## Provided material:
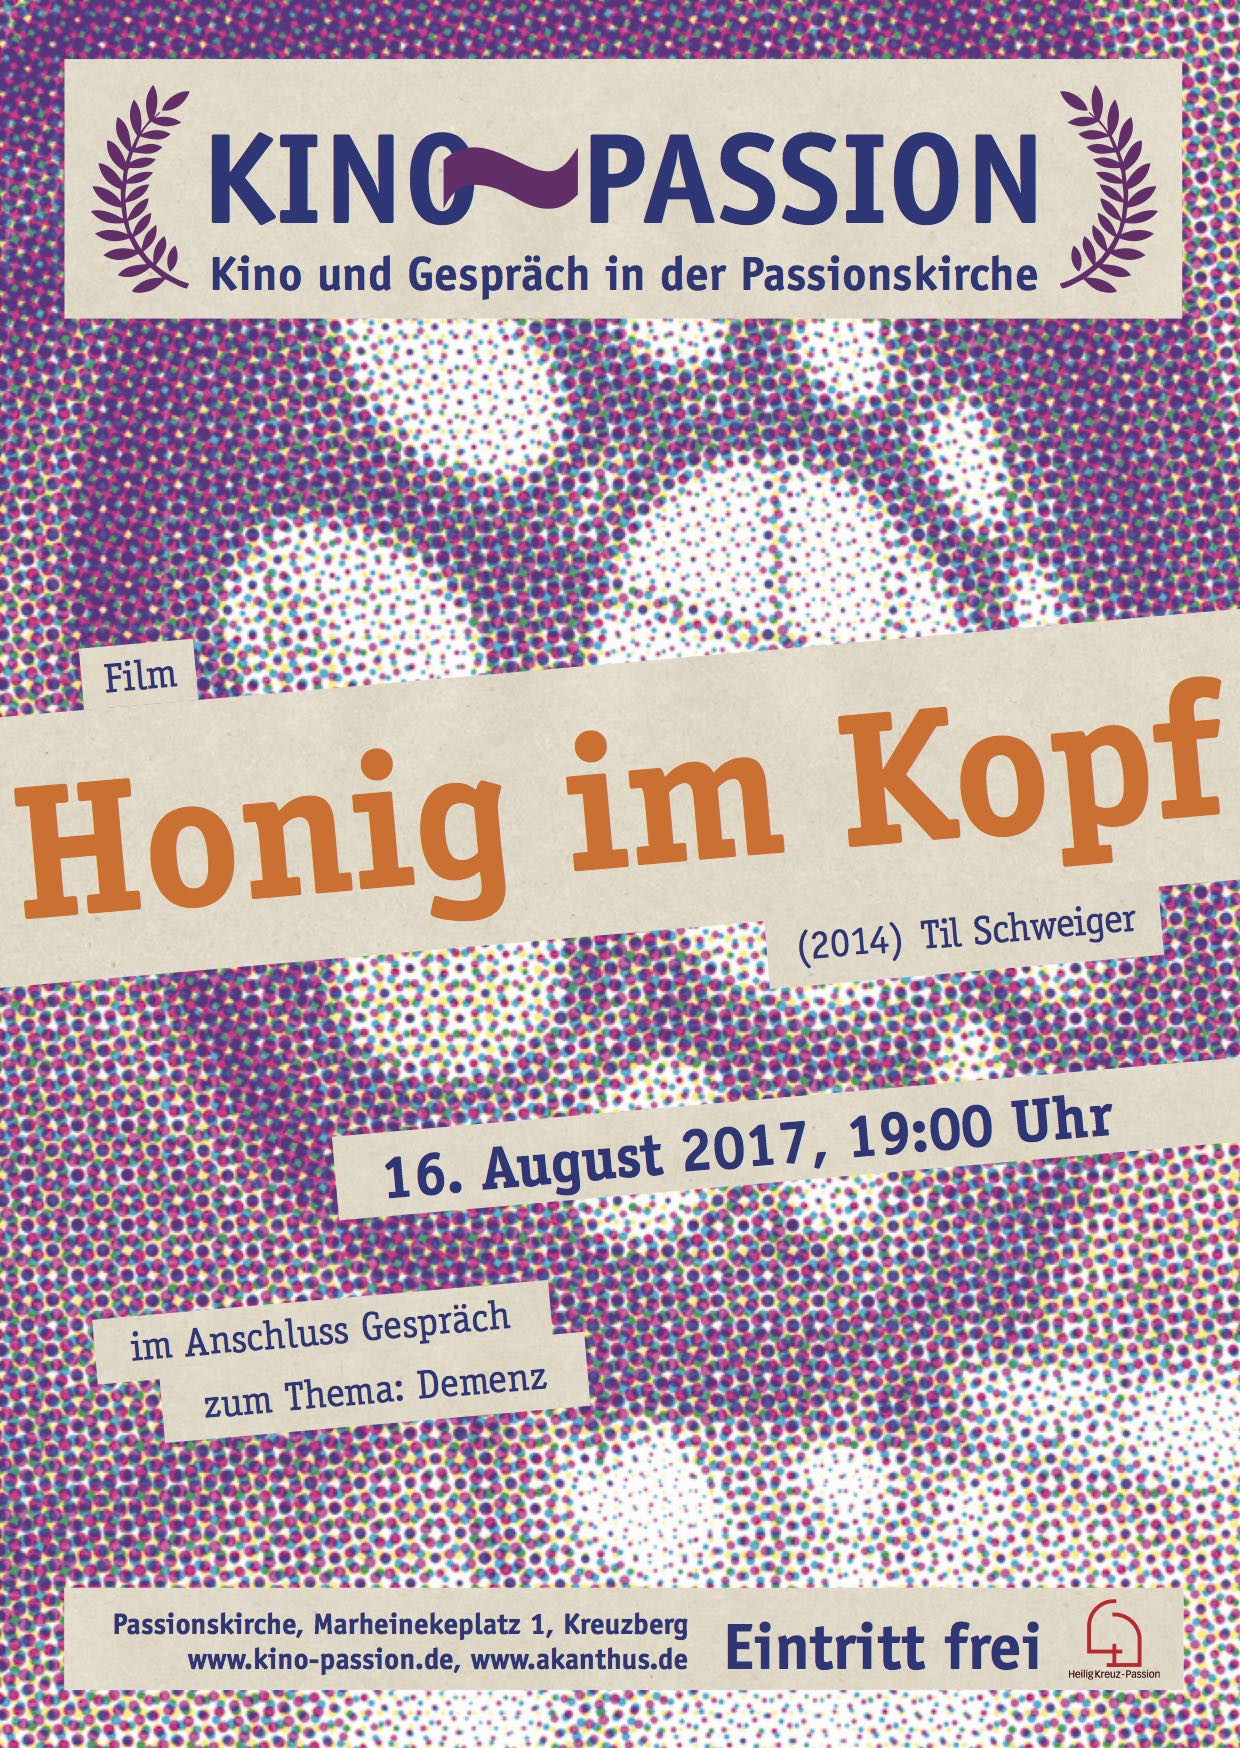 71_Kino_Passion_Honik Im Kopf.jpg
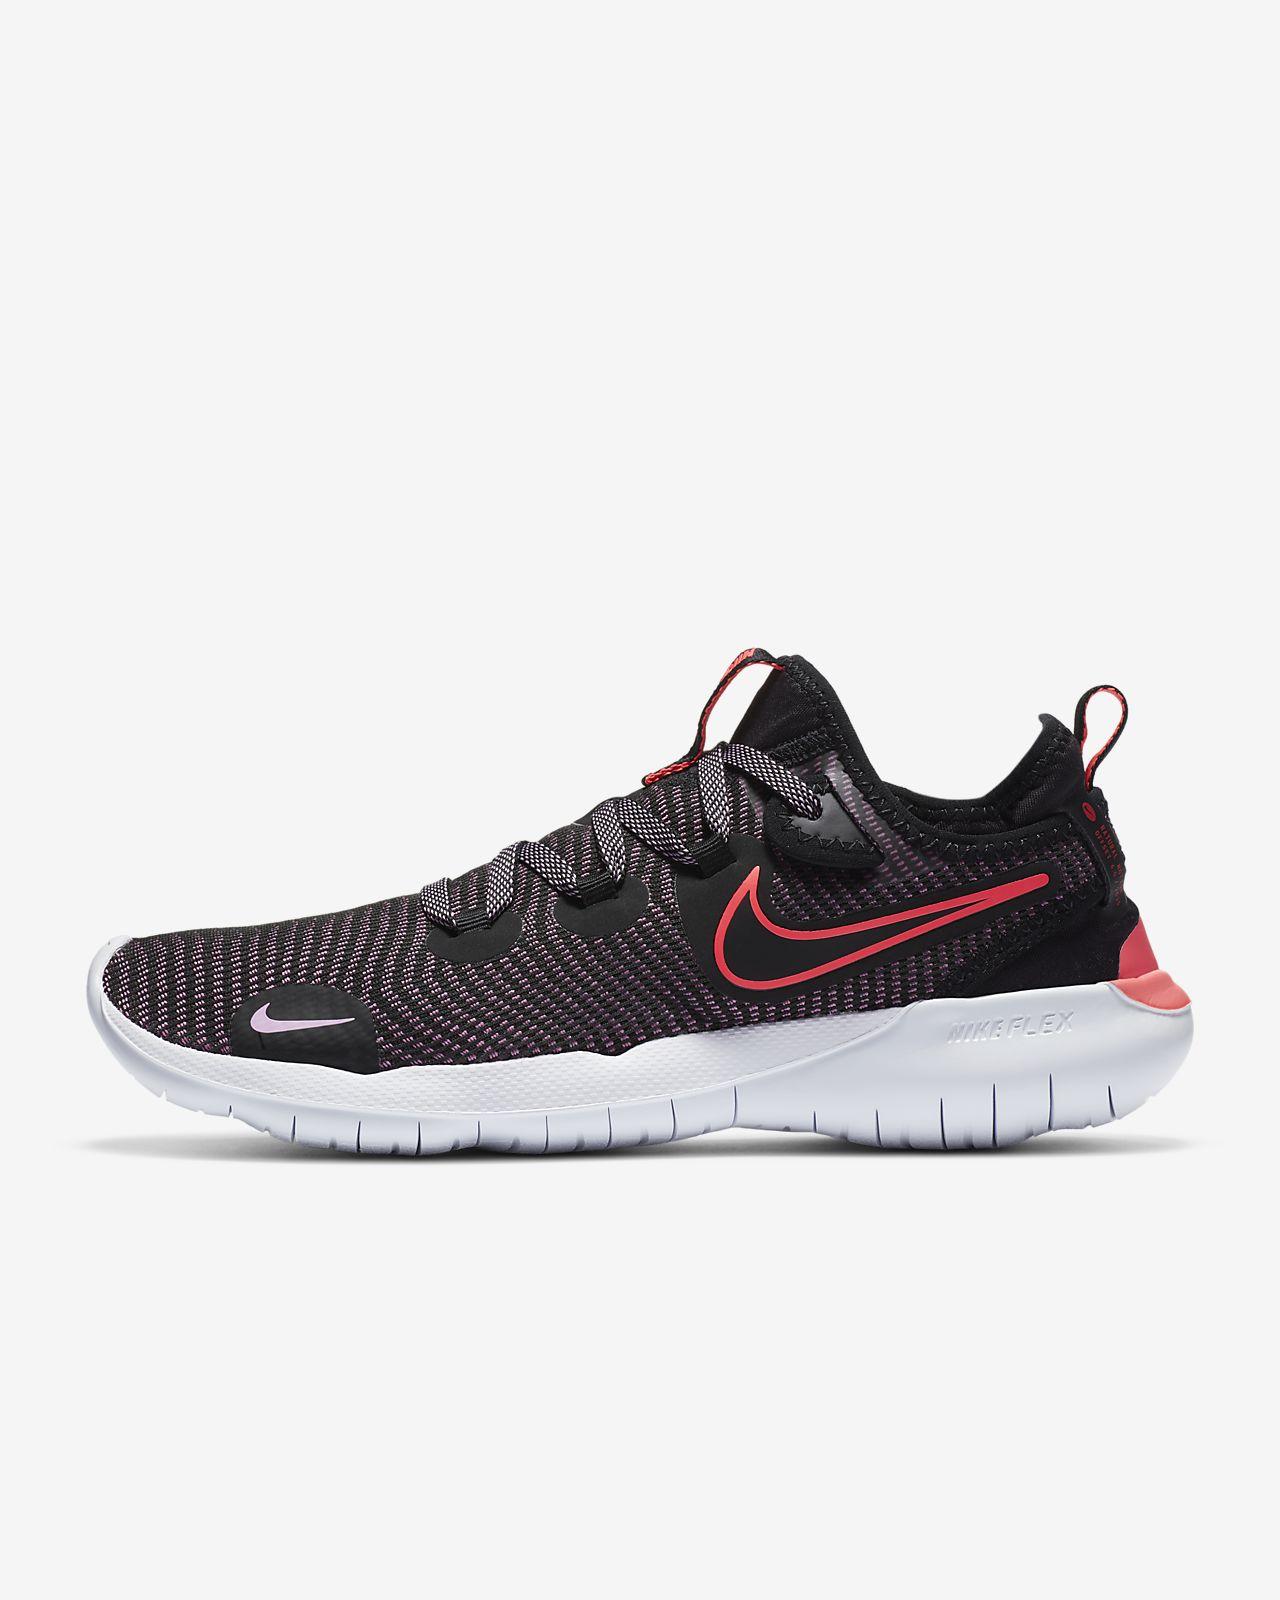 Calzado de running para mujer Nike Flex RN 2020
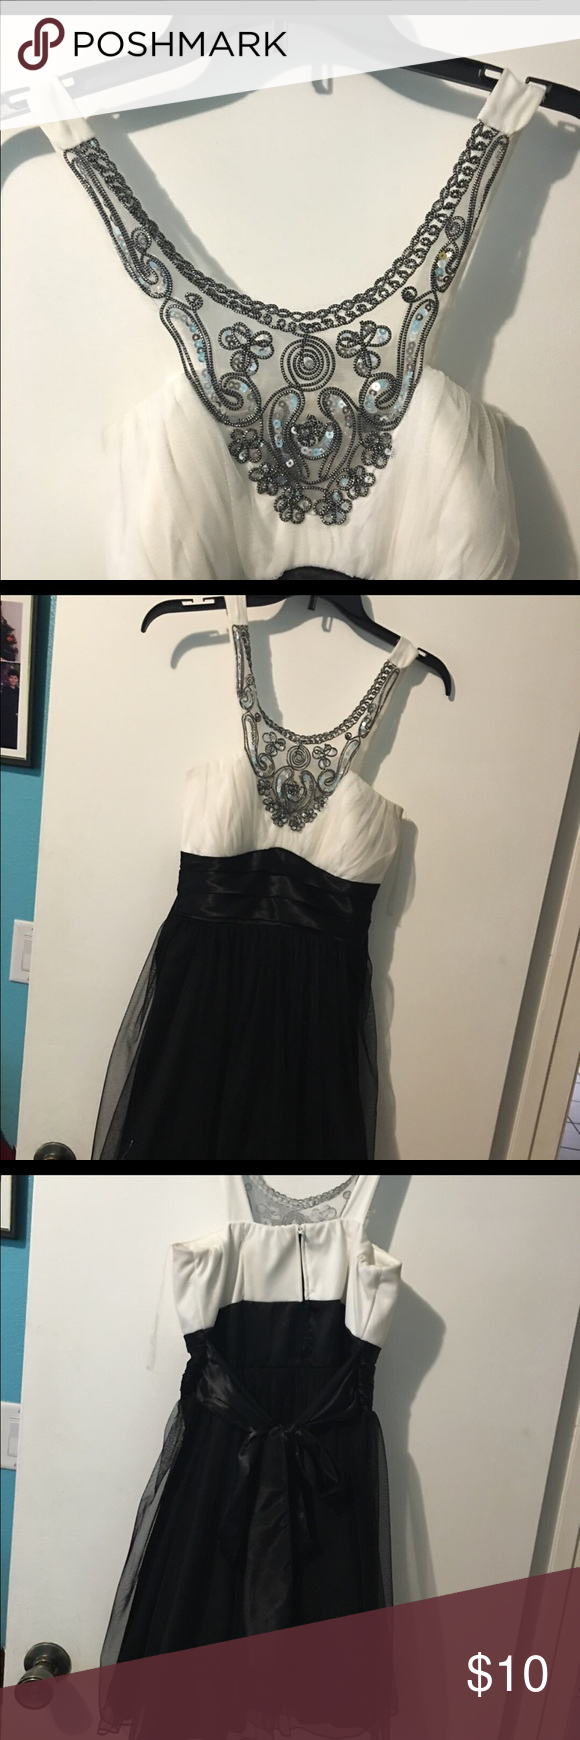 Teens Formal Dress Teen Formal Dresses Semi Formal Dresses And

## Your objective:
Reproduce exactly the lines above from the one with "Calzado de running" through the last line of the data, keeping both ends and dropping the pictures.

## Response box:
 Calzado de running para mujer Nike Flex RN 2020
 Teens Formal Dress Teen Formal Dresses Semi Formal Dresses And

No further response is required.